◆ Task prompt ◆
Your task is to transcribe all of the data below exactly, omitting the images.

◆ Information supplied ◆
*-*-*

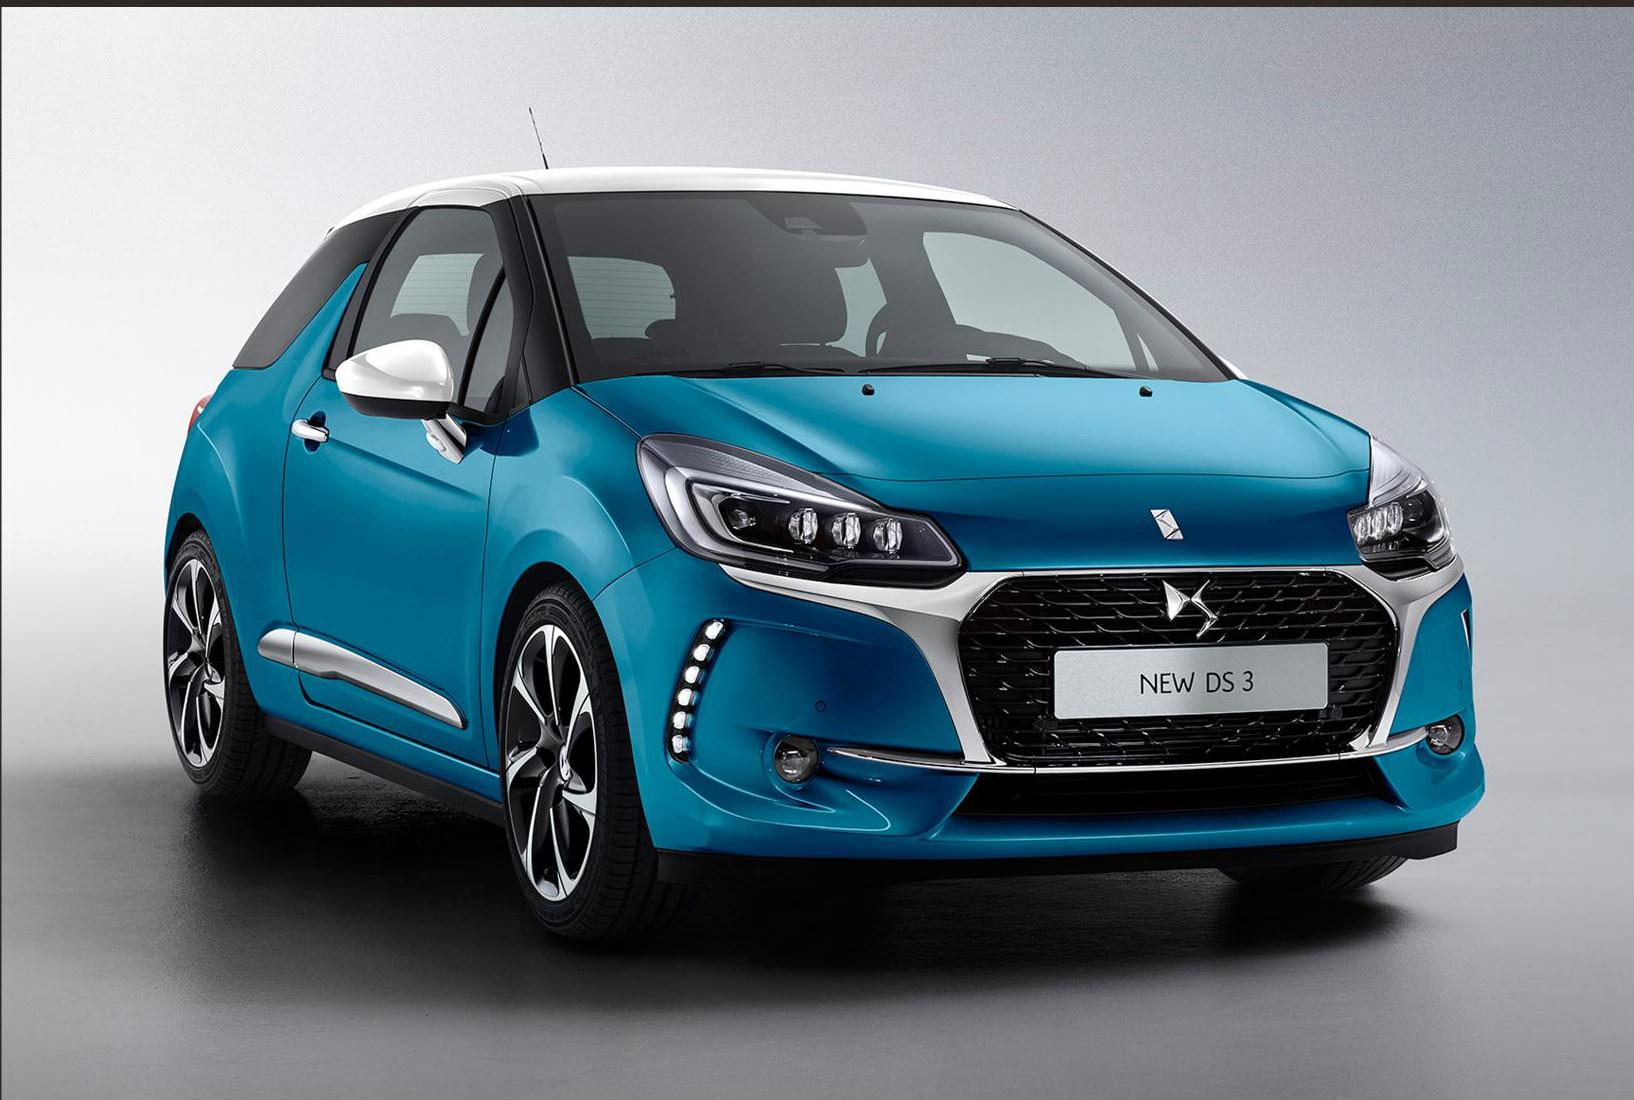 image of a blue ds 3 car exterior
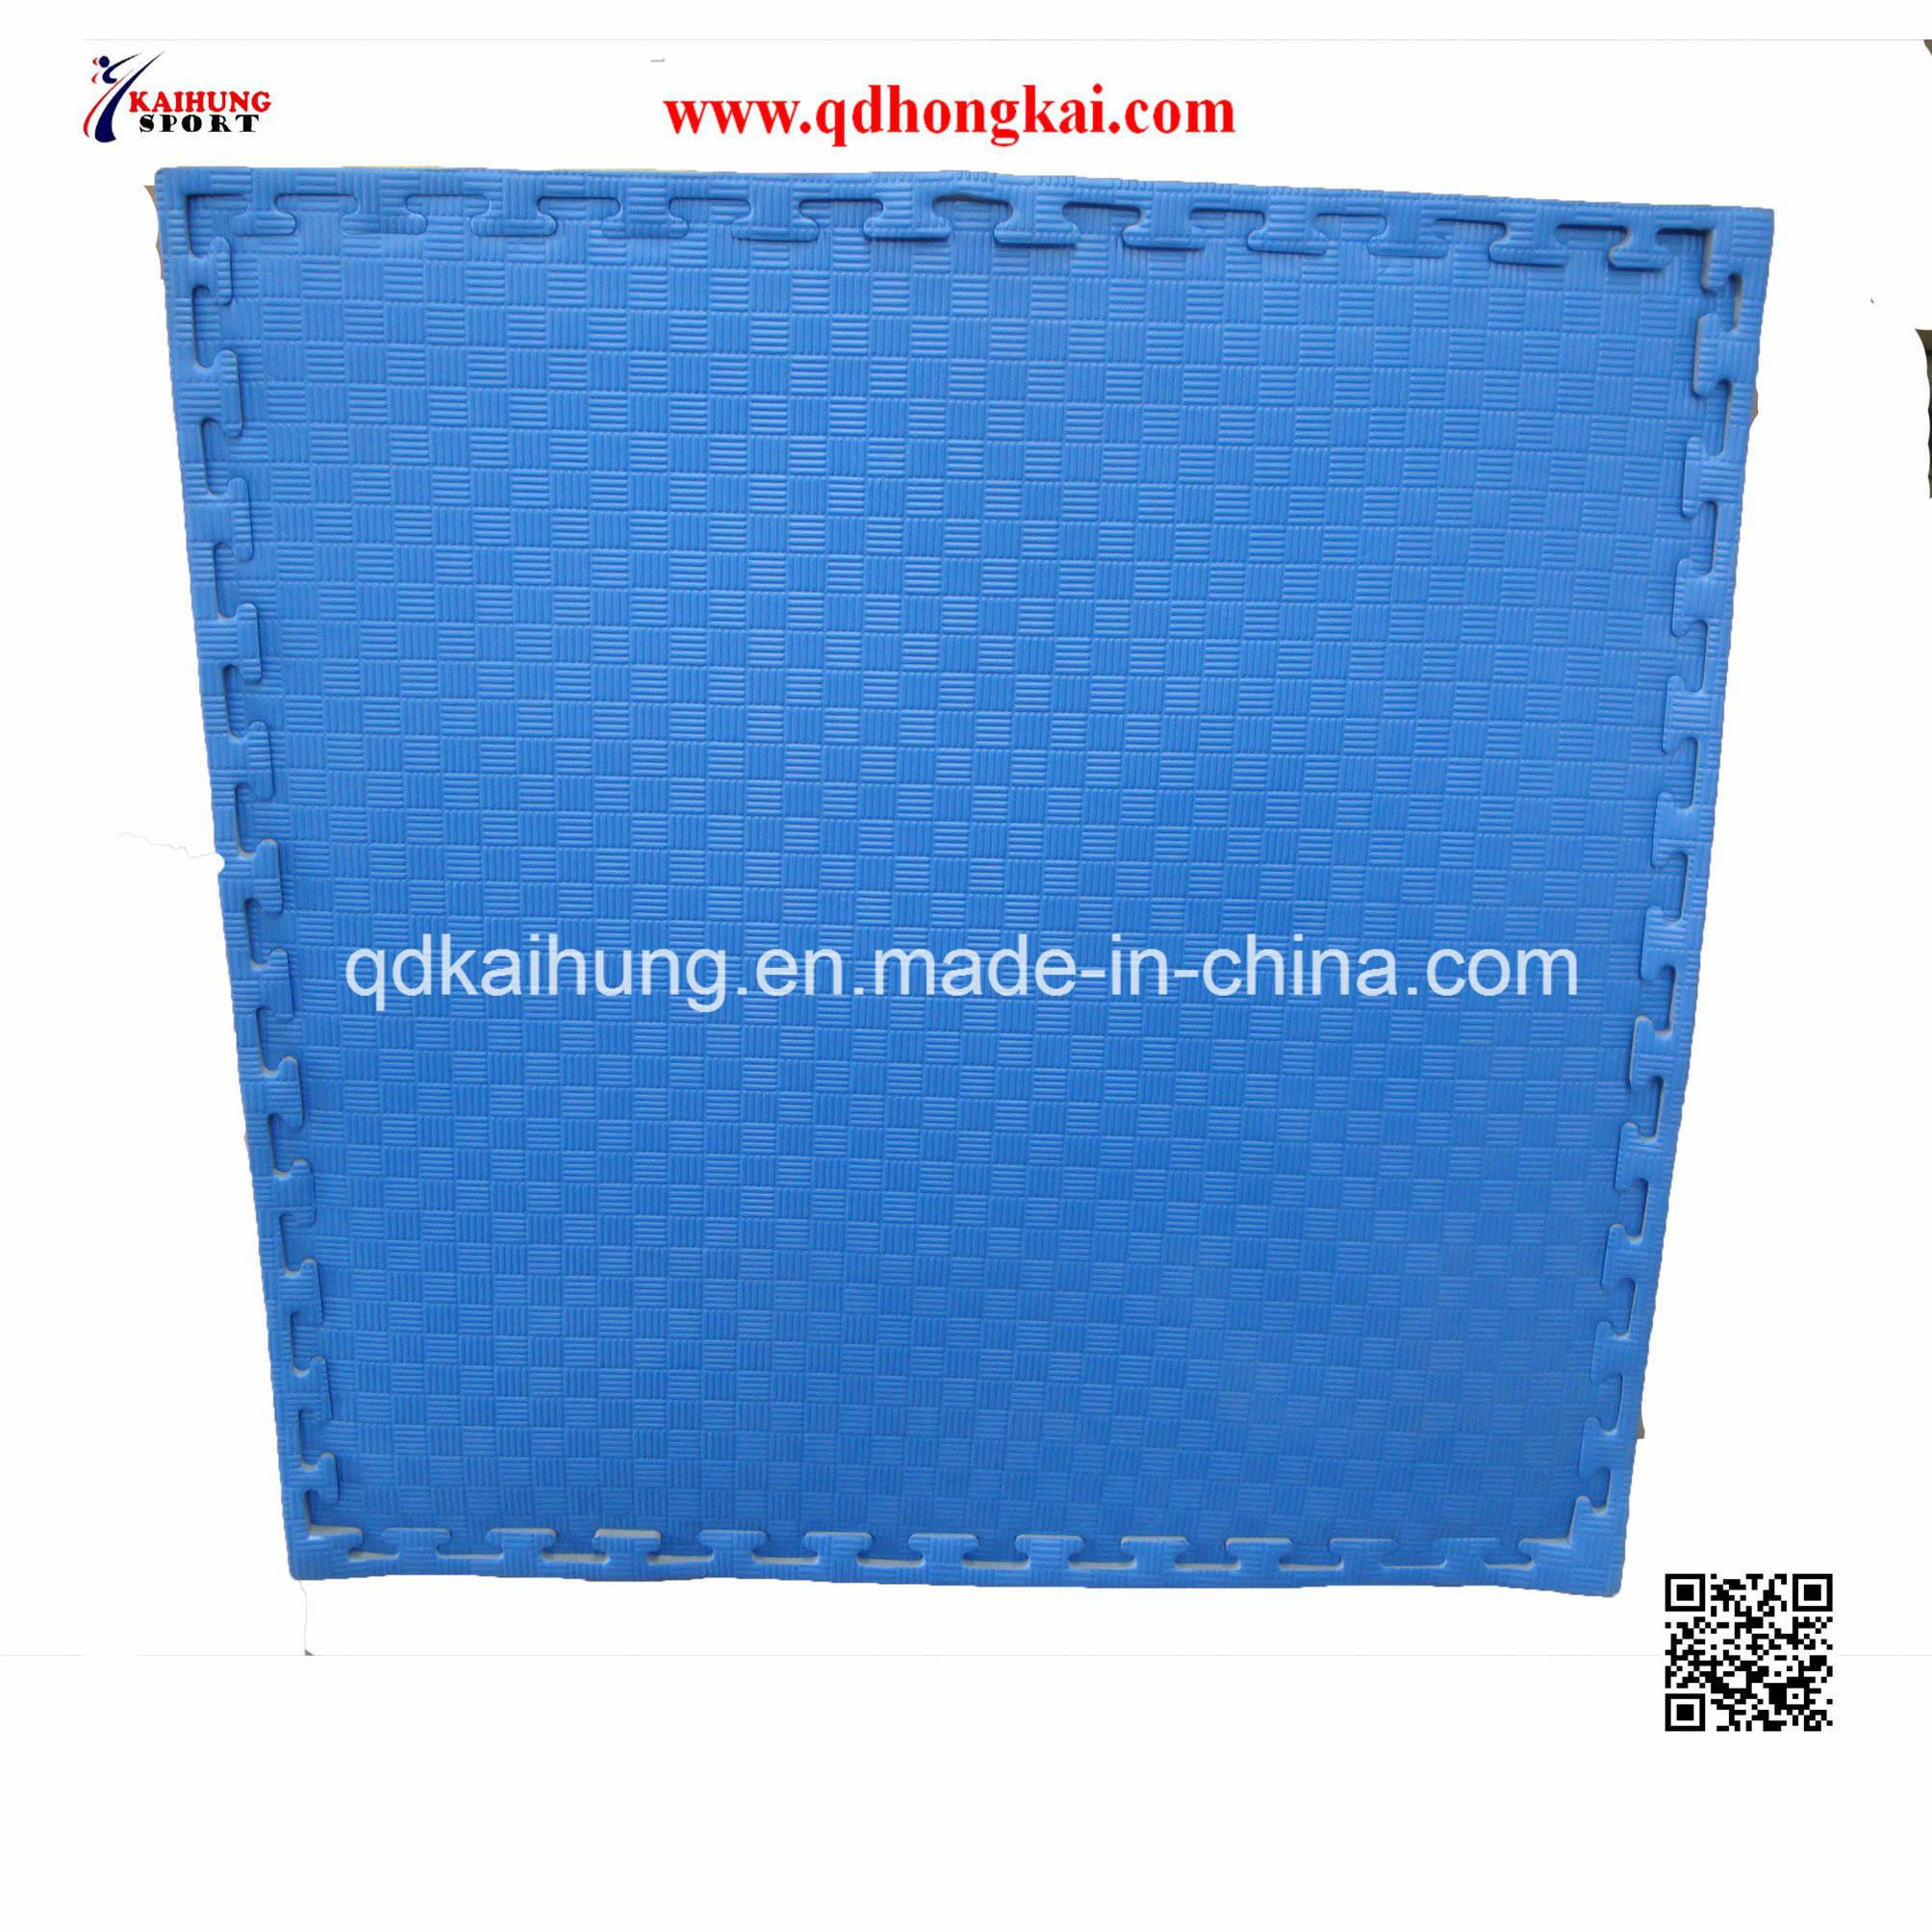 Quality Mats Price China Manufacturers Evamat Bambu 30 Suppliers
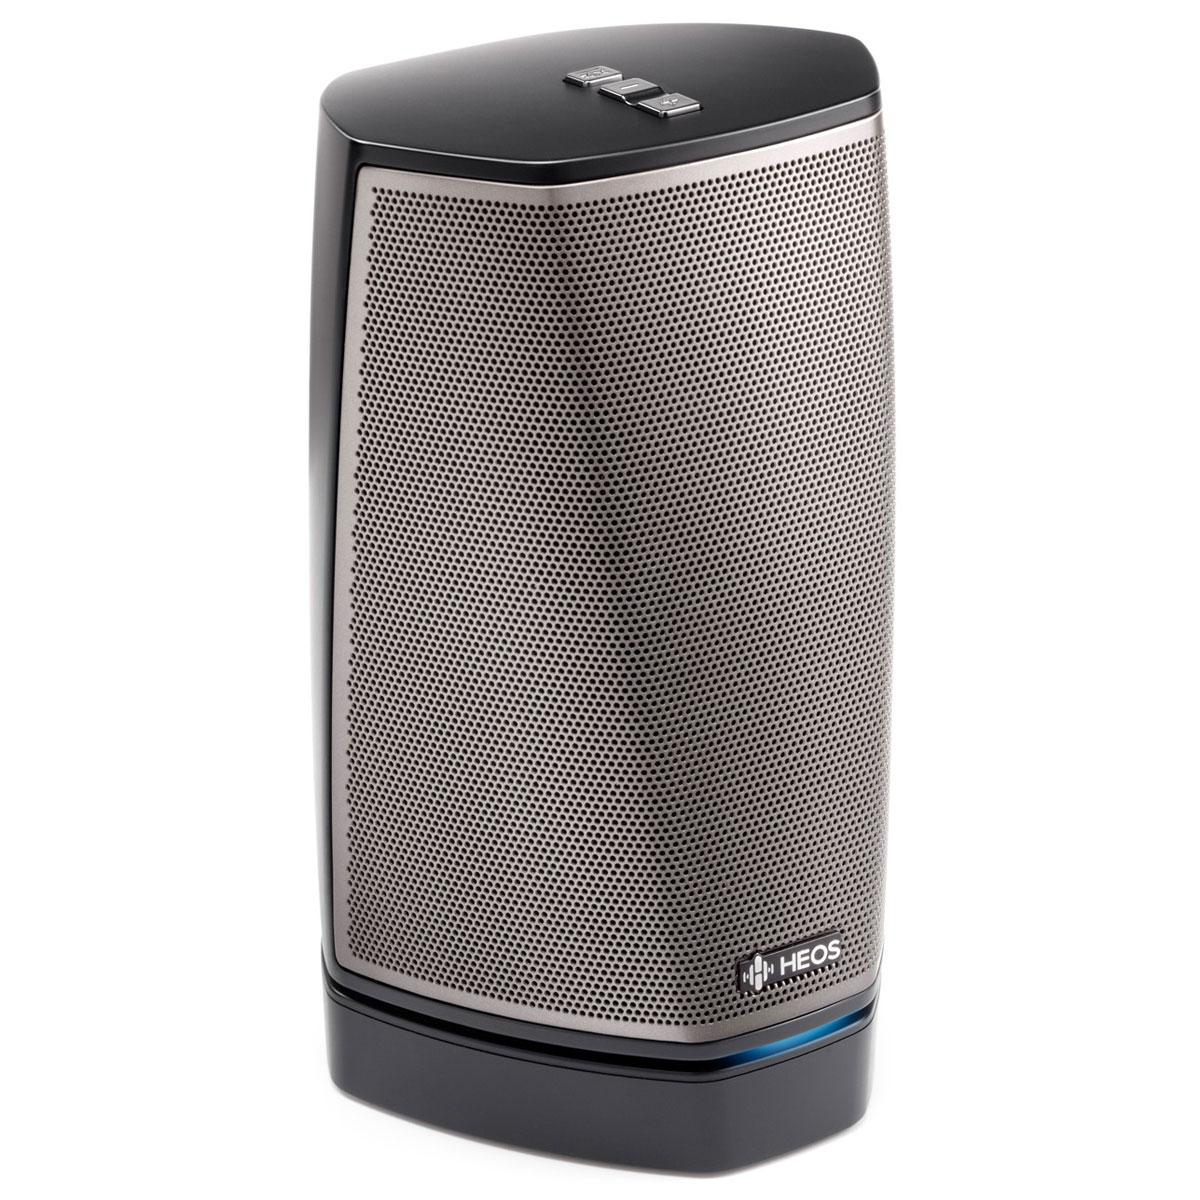 Heos 1 HS2 inkl. Go Pack schwarz Wireless-Lautsprecher

*-*-*

◆ Answer space ◆
 image of a blue ds 3 car exterior
 Quality Mats Price China Manufacturers Evamat Bambu 30 Suppliers
 Heos 1 HS2 inkl. Go Pack schwarz Wireless-Lautsprecher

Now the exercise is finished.